Car il y a l’espèce.
Le mariage ayant pour but d’assurer le bien-être des époux, reste la question des enfants. La société a besoin, elle aussi, d’avoir les meilleurs individus. Elle pratique pour les animaux domestiques une intelligente sélection et sait parfaitement que s’il y avait de l’argent, des contrats, des dots chez les chevaux, il n’y aurait plus de bons chevaux.
Voyez les résultats du mariage sans amour : produits médiocres, corps mous, grandes oreilles, âmes plates.
Comment les espèces animales sont-elles sauvées de la décadence ? Pour la possession de la femelle la plus belle luttent les mâles. Il faut qu’ils la conquièrent. Le plus vigoureux, le plus adroit, l’emporte. Il prend alors la femelle tremblante de désir et de peur, et la féconde.
Oui ou non, sommes-nous des animaux ?
— Mais j’ai une âme immortelle, soupire plaintivement madame Dubois.
— Est-ce avec votre âme, chère madame, que vous faites vos enfants ?
Dans une société qui serait assez forte pour imposer le seul mariage d’intérêt on verrait grandir soudain le rôle de l’amant.
La société l’accepterait. Elle comprendrait que pour avoir les meilleurs produits, il n’y a qu’à laisser faire l’amour qui ne se trompe guère et qui, en tout cas, agit toujours d’une façon désintéressée pour le bien de l’espèce. Et ne lui reprochons pas la médiocrité des résultats qu’il obtient trop souvent, mais voyons plutôt, comme je l’ai déjà dit, les éléments avariés que nous lui livrons.
Ainsi, puisqu’on interdira aux époux d’assurer entre eux le développement de l’espèce, ce sera donc l’amant, celui qui est beau et rafraîchissant comme un orage après une lourde journée de chaleur, qui fera les enfants.
Il deviendra un membre nécessaire de la société.
Il sera le Messie attendu dans chaque ménage.
Il aura la fierté de son rôle et ne se cachera plus dans les armoires, marchera auréolé d’admiration et de reconnaissance. Aucun homme ne rendra plus de service à la communauté que ce passant prestigieux.
La femme ne se laissera guider dans le choix de son amant que par l’instinct profond et mystérieux de l’espèce.

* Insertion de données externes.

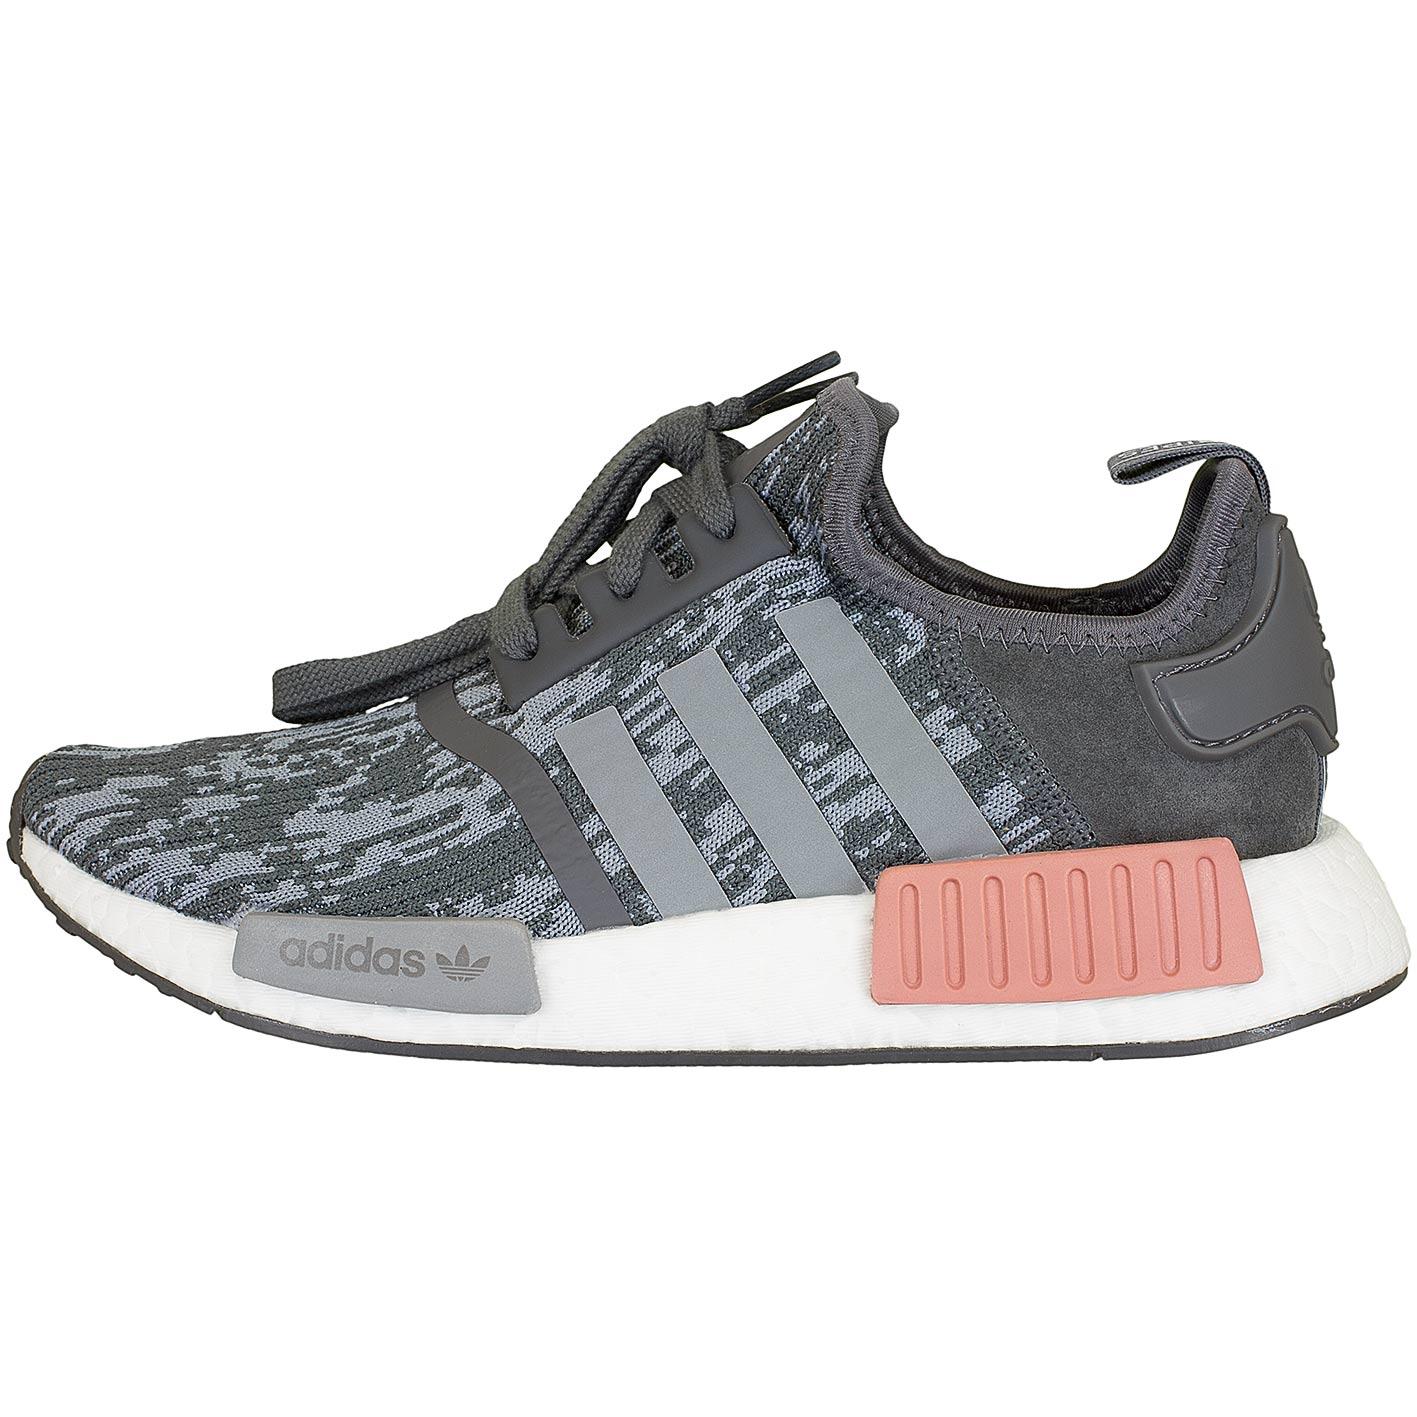 ☆ Adidas Originals Damen Sneaker NMD R1 grau/pink - hier bestellen!
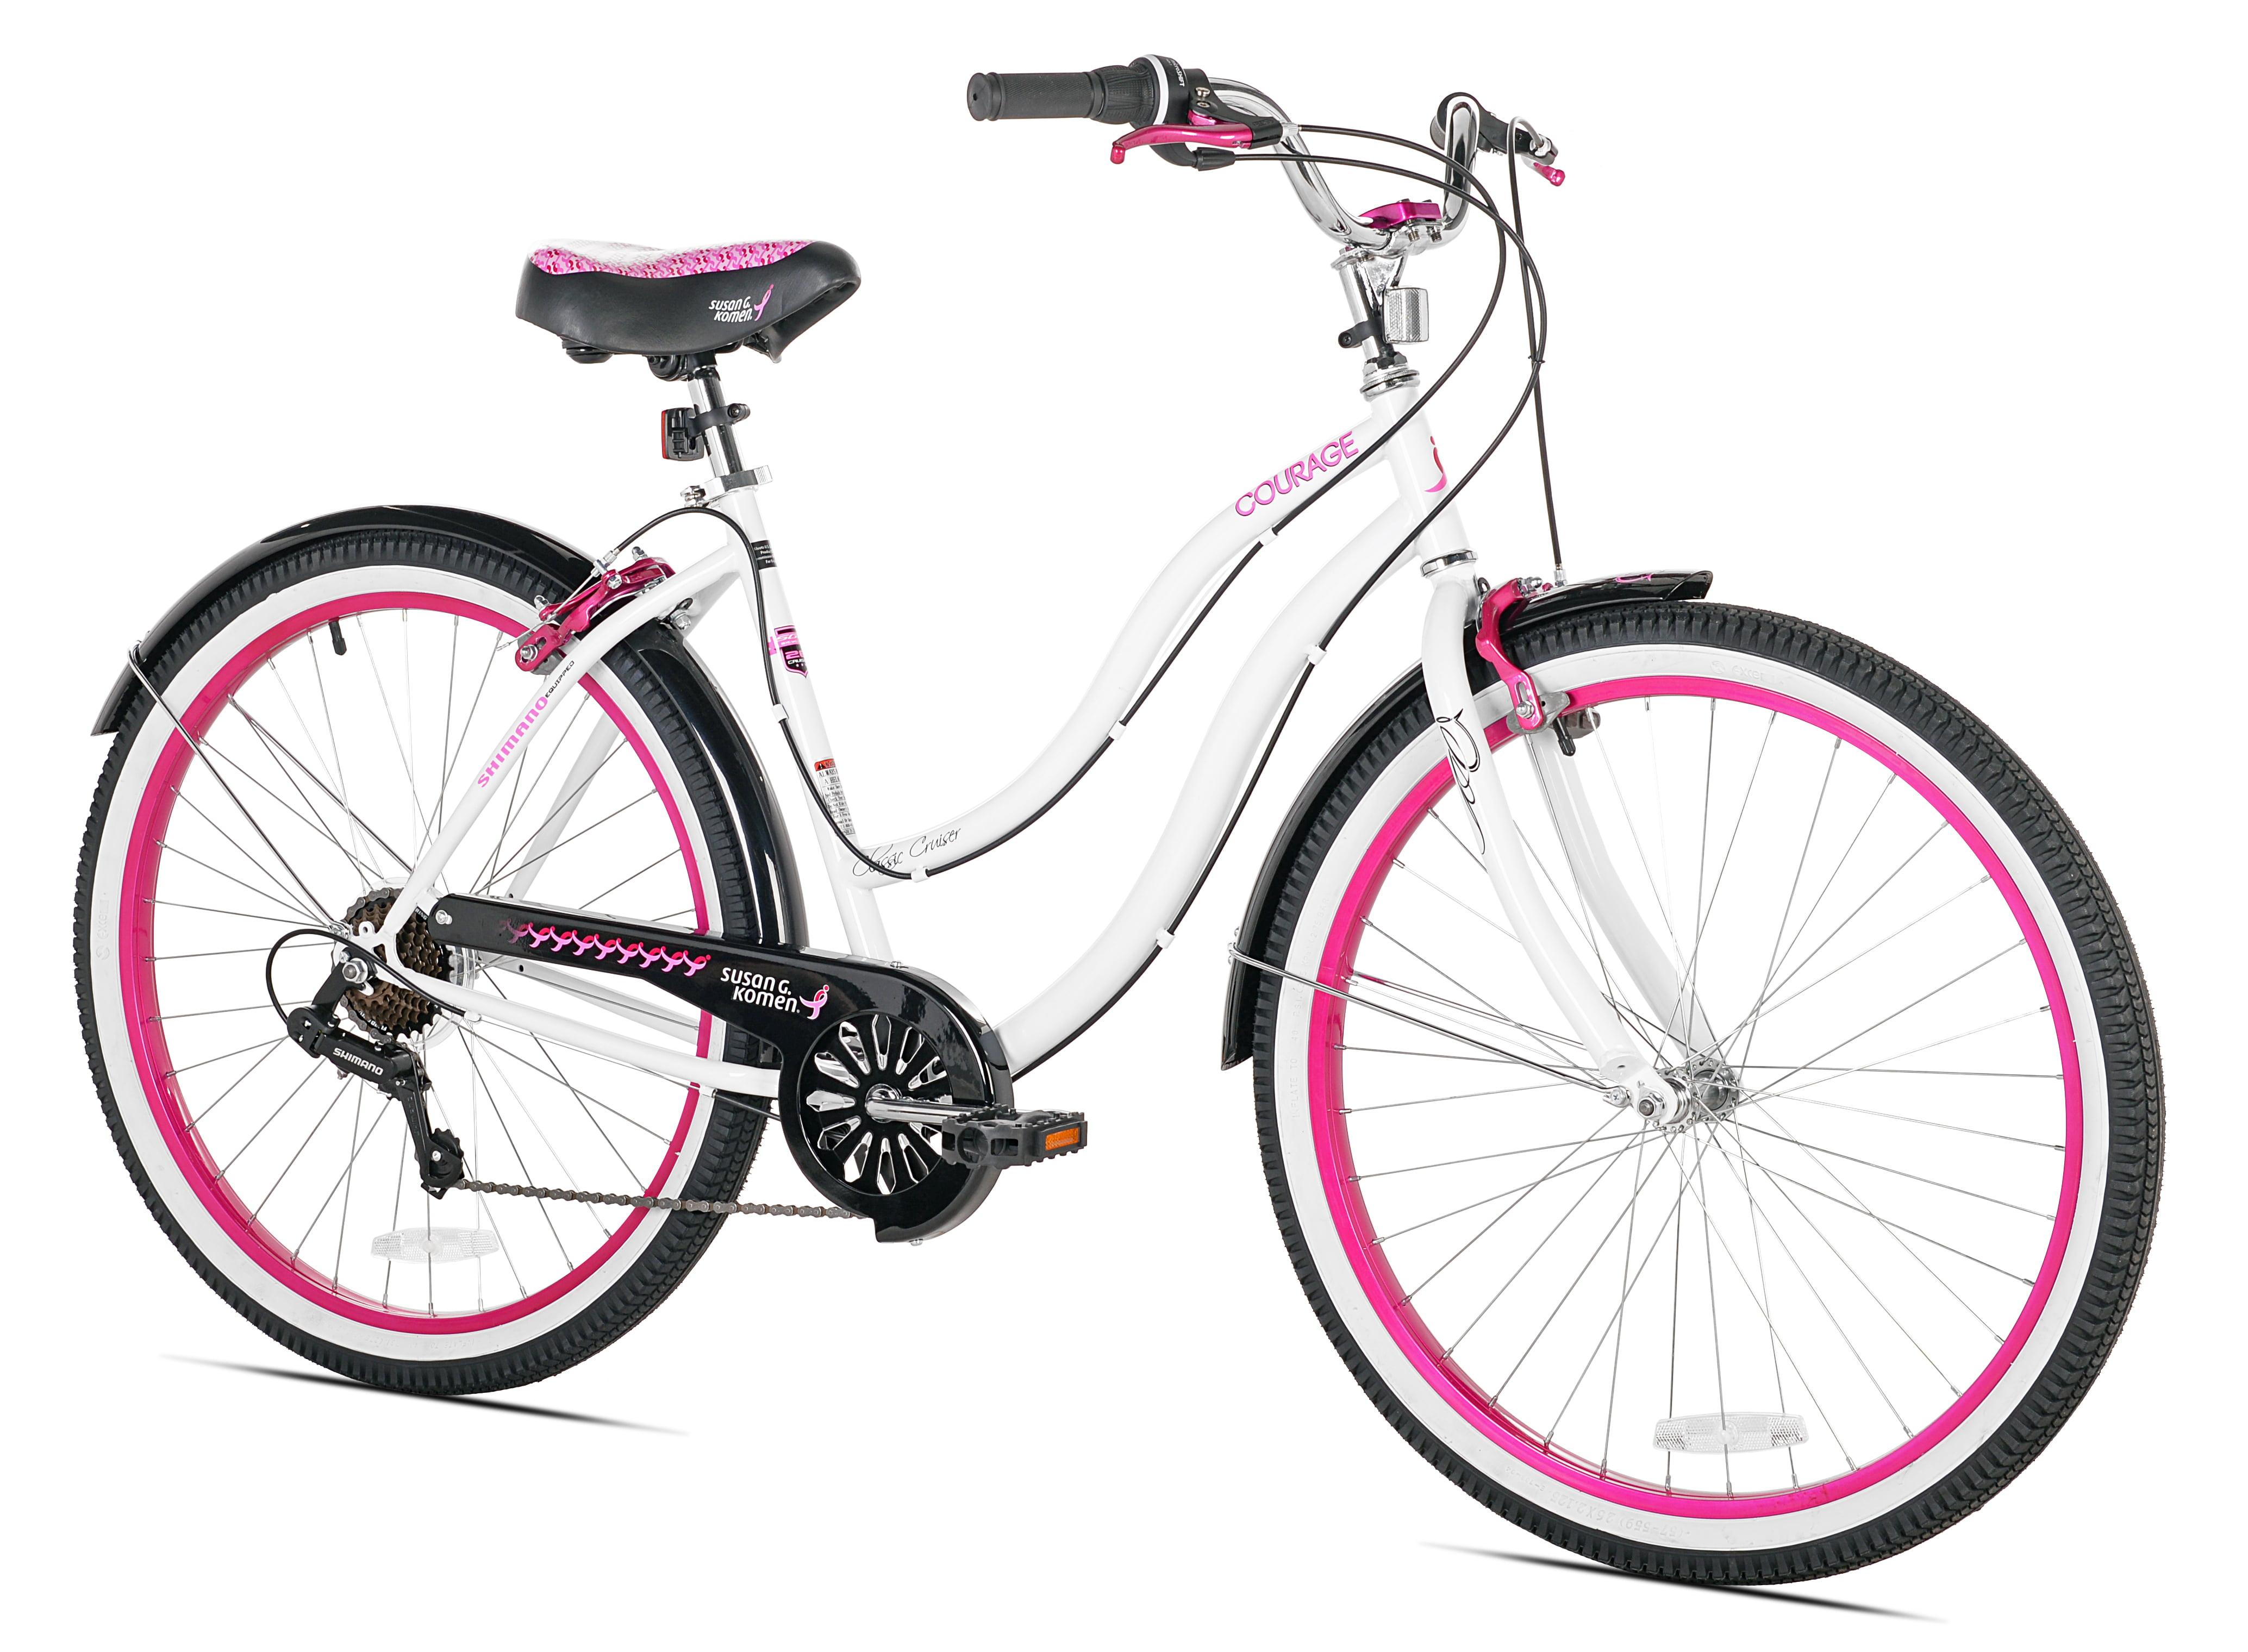 Susan G Komen 26 Cruiser Women S Bike White Pink Walmart Com Walmart Com

Aucun bas motif d’intérêt ne l’influencera. Elle ne cédera qu’à la voix impérieuse de l’amour.
Il est possible qu’elle n’aime jamais.
Alors il n’y a pas d’intérêt à ce qu’elle se reproduise.
— Mais c’est abominable ! mais il n’y aura plus de société ! s’écrie monsieur Chaque.
— Il y aura une autre société, cher monsieur Chaque. Il serait malheureux, avouez-le, que, de toutes, notre société fût la seule possible. Du reste, ne vous alarmez pas. La société a toujours déclaré moral ce qui lui était utile. Elle crée le bien et le mal suivant son intérêt. Du jour où elle aura avantage au nouvel arrangement qui aujourd’hui vous scandalise, vous et vos descendants, le vénérerez à genoux, cher monsieur Chaque, comme un dogme révélé par la divinité elle-même.